[Extracted records]
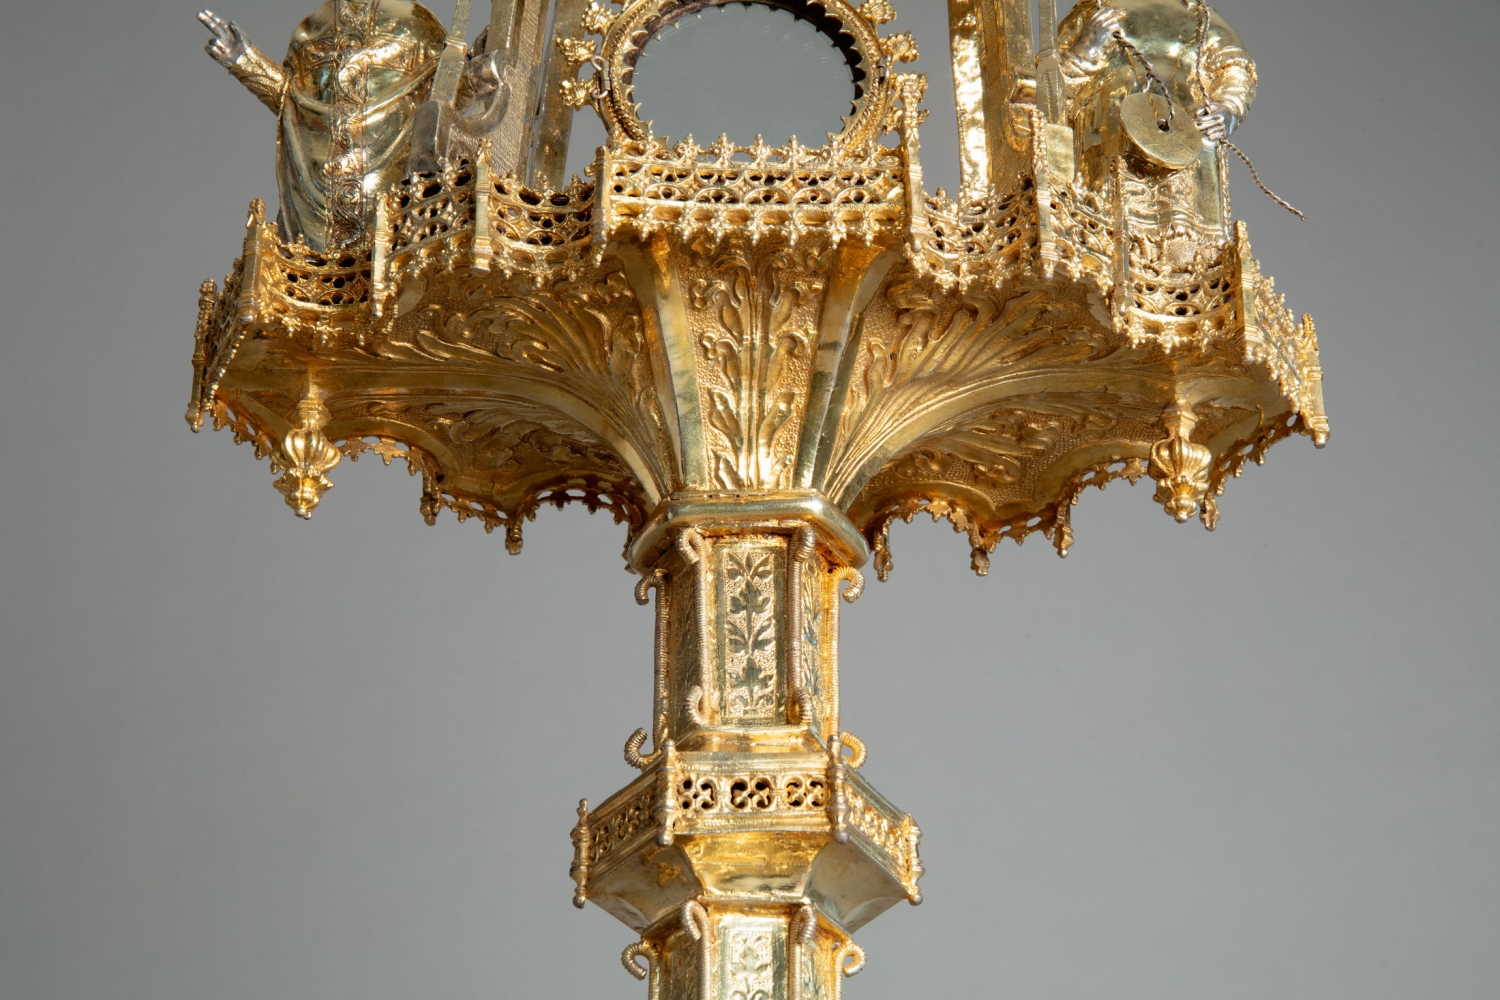 Architectural monstrance with two saints, c. 1520-1530
Spain, Barcelona
Gilded silver
24 3/4 x 11 3/4 x 8 inches
(63 x 30 x 20.3 cm)

TASK DETAILS. Excluding every picture, write out each record word for word.

YOUR SOLUTION.
 Architectural monstrance with two saints, c. 1520-1530
Spain, Barcelona
Gilded silver
24 3/4 x 11 3/4 x 8 inches
(63 x 30 x 20.3 cm)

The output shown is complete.